* [Source data]
□ □ □ □ □ □ □
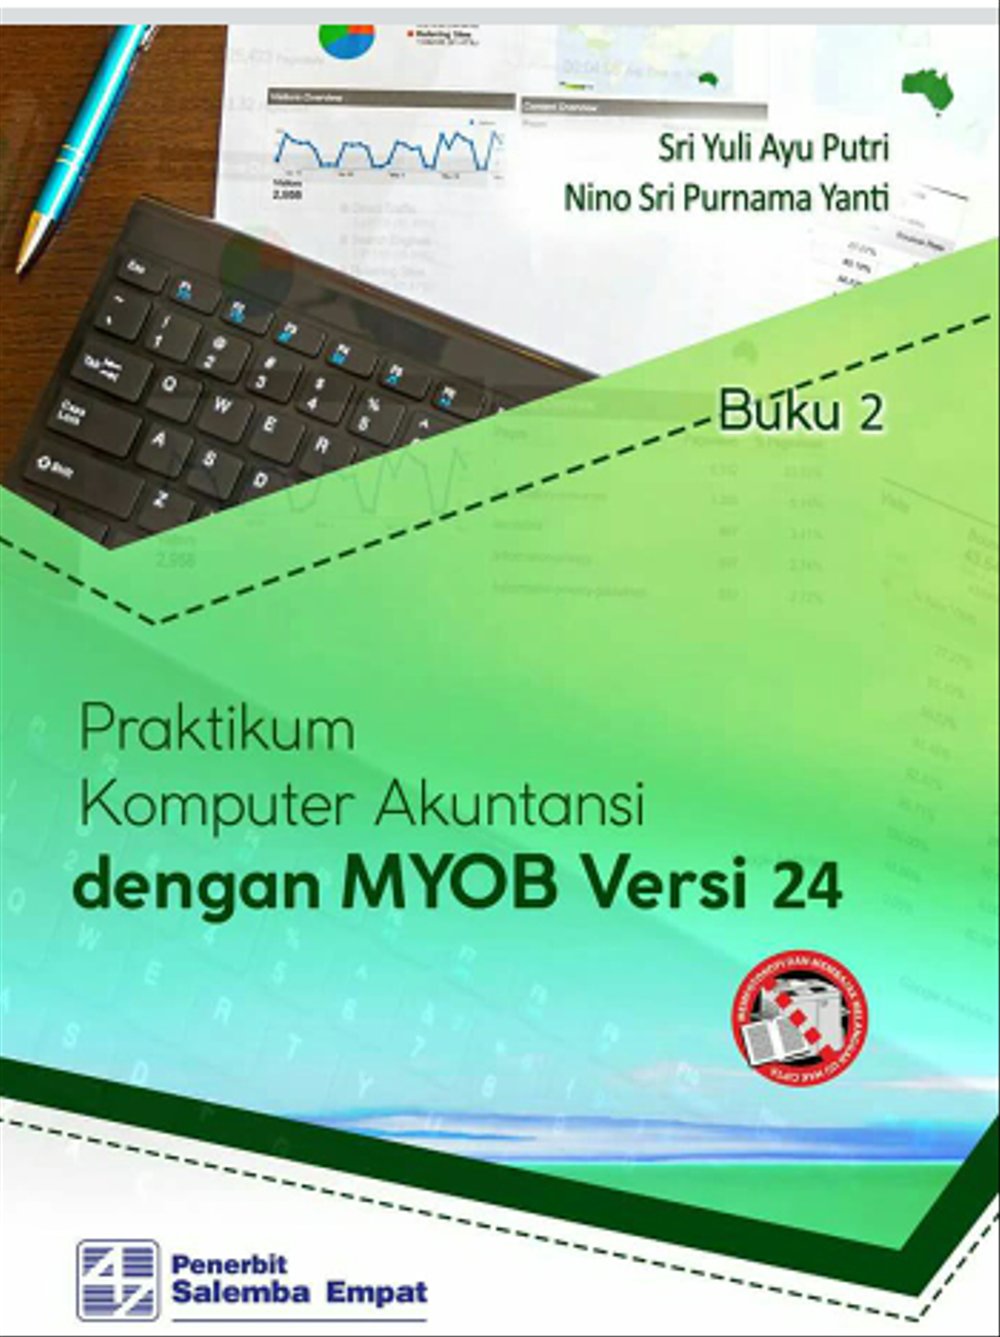 Praktikum Komputer Akuntansi dengan MYOB Versi 24 ; Buku 2.
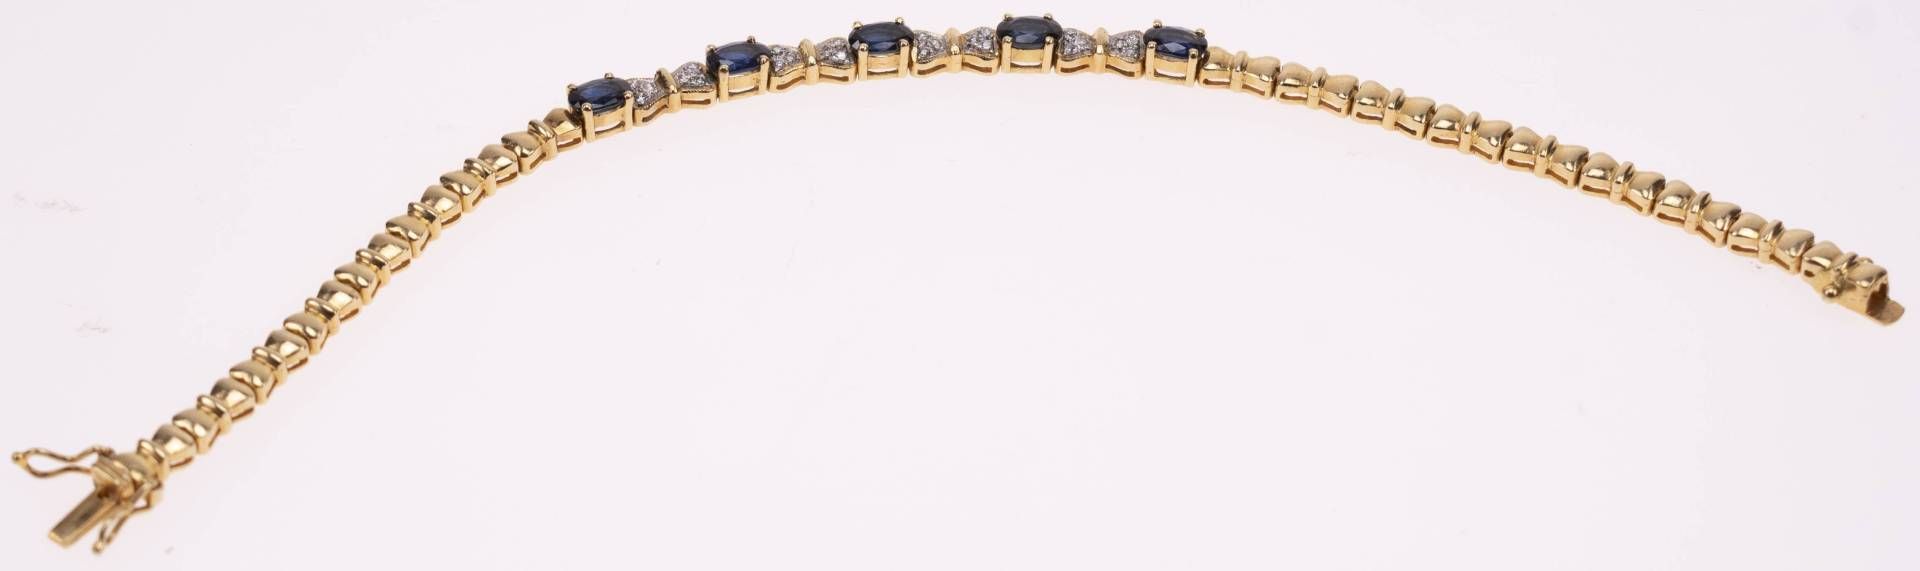 Saphir Diamanten Armband, 750 Gelbgold/18K, 24 Diamanten zus. ca. 0,18ct, 5 Saphire ca. 3,4ct, Länge - Bild 4 aus 4
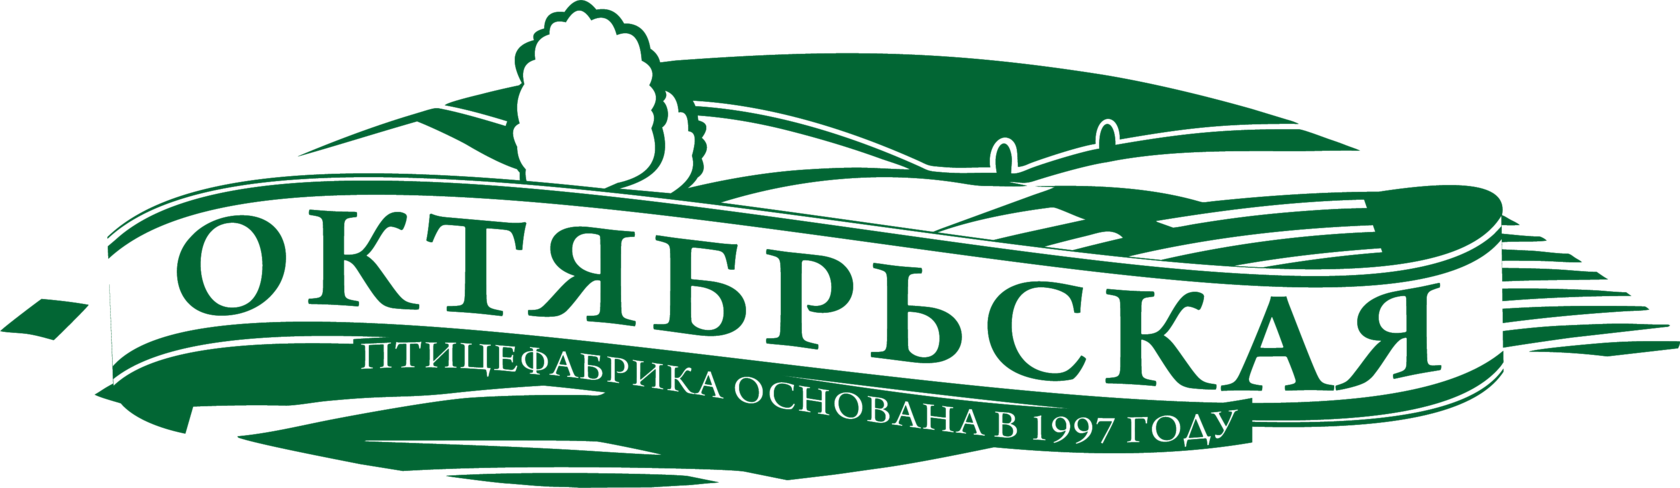 Группа компаний птицефабрика "Октябрьская"
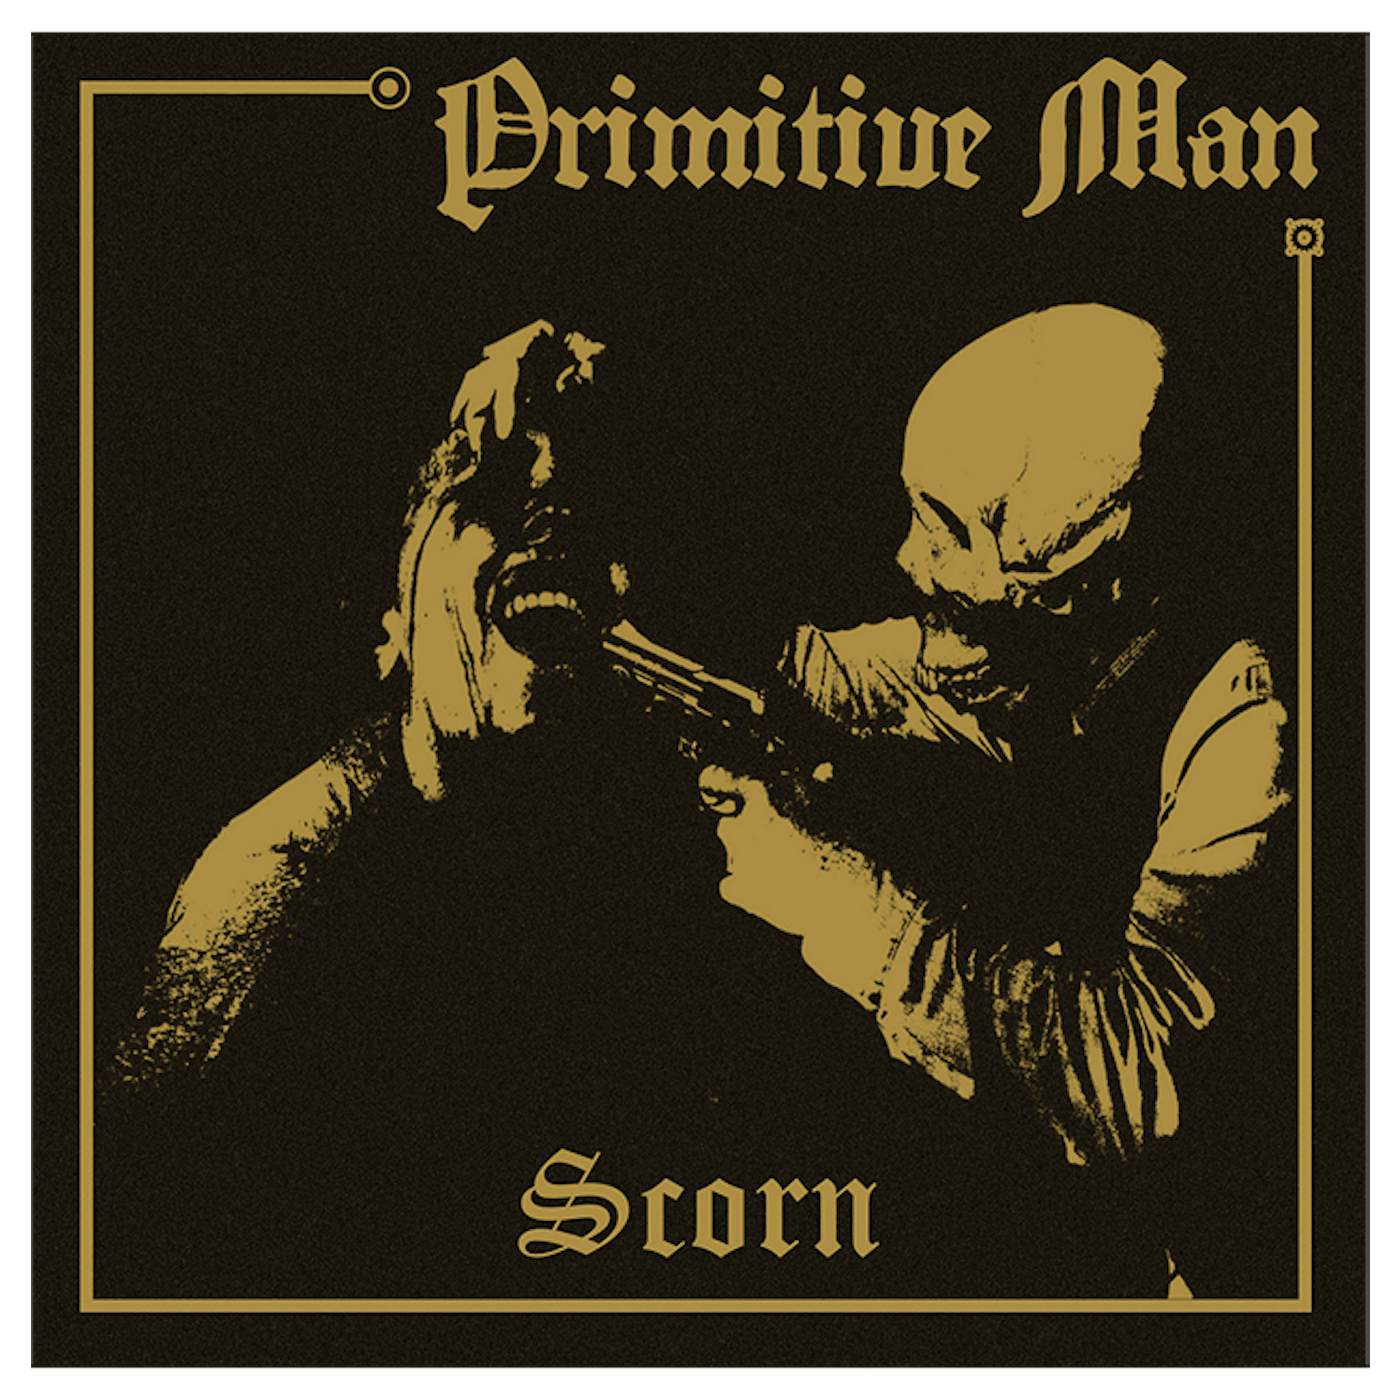 PRIMITIVE MAN - 'Scorn' CD
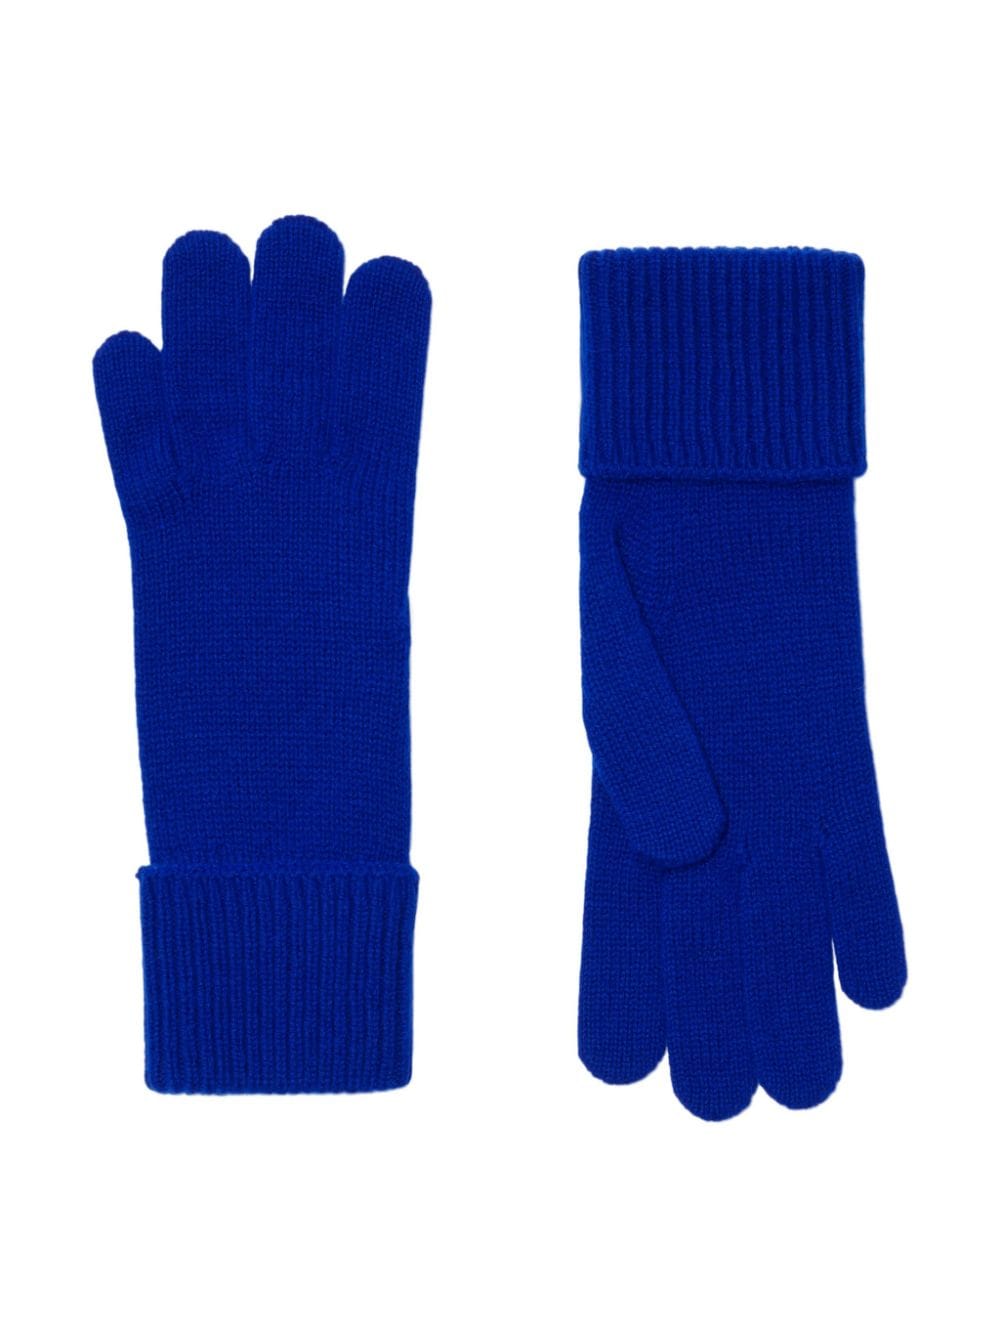 Fine-knit full-finger gloves<BR/><BR/><BR/>
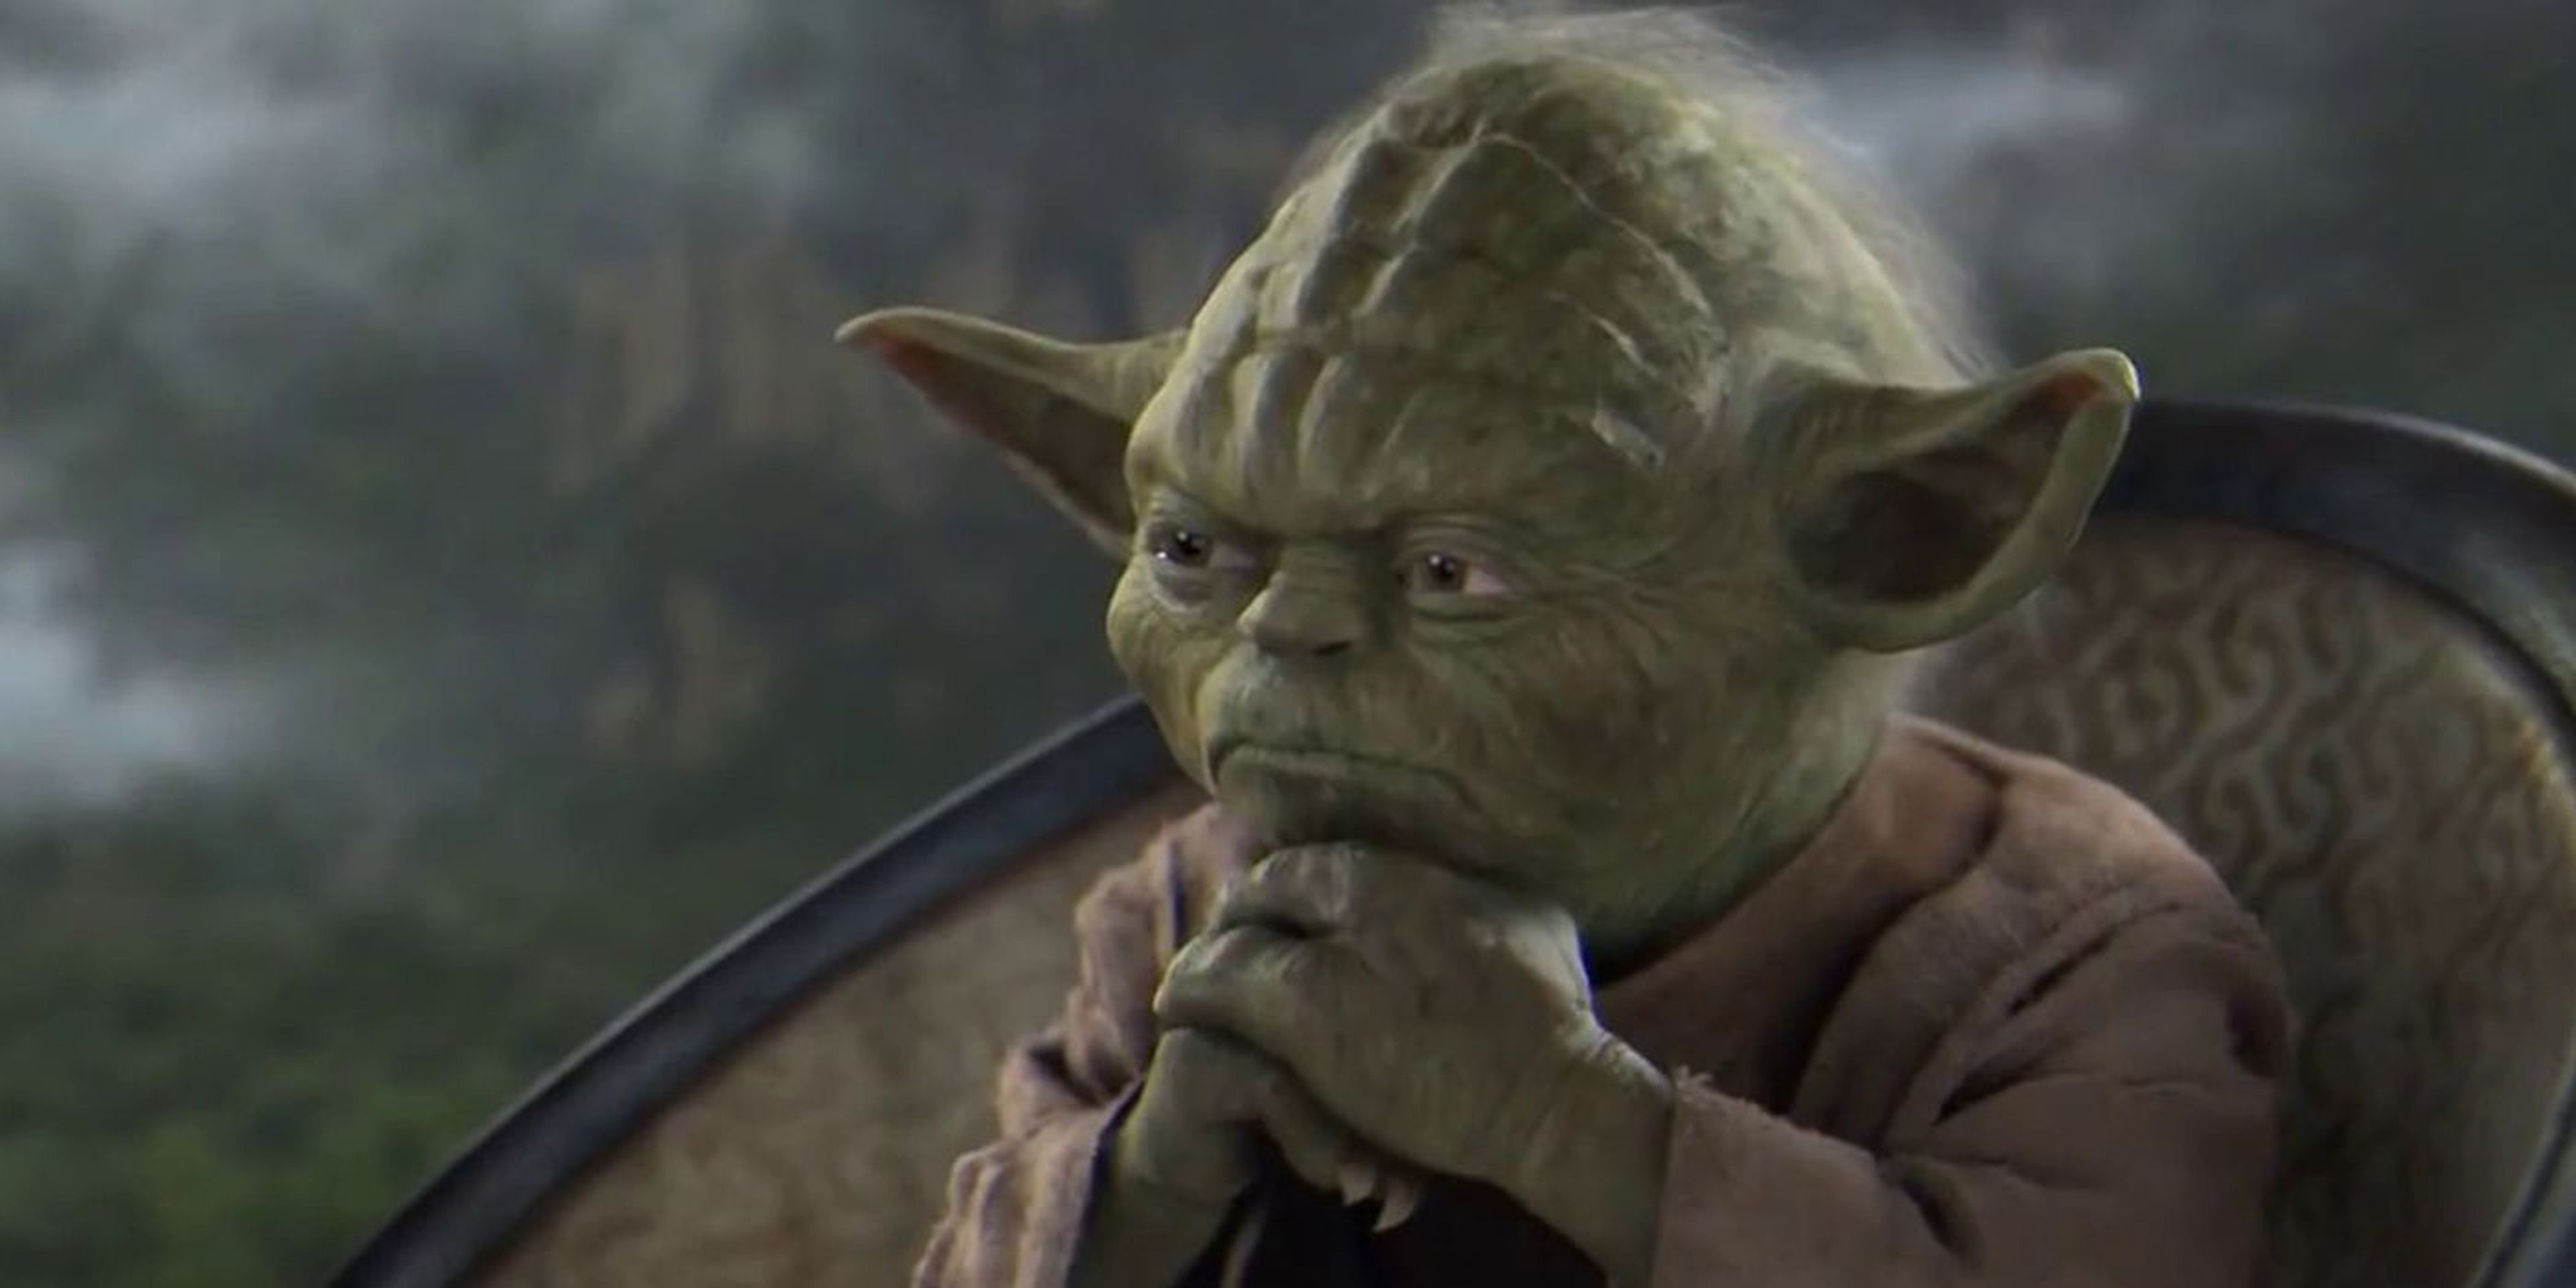 Yoda - Star Wars
□ □ □ □ □ □ □
Starting with the line that contains "PRIMITIVE MAN - 'Scorn' CD", repeat each line exactly through the last line of the data above, and nothing more; the pictures stay out.

 PRIMITIVE MAN - 'Scorn' CD
 Fine-knit full-finger gloves<BR/><BR/><BR/>
 Yoda - Star Wars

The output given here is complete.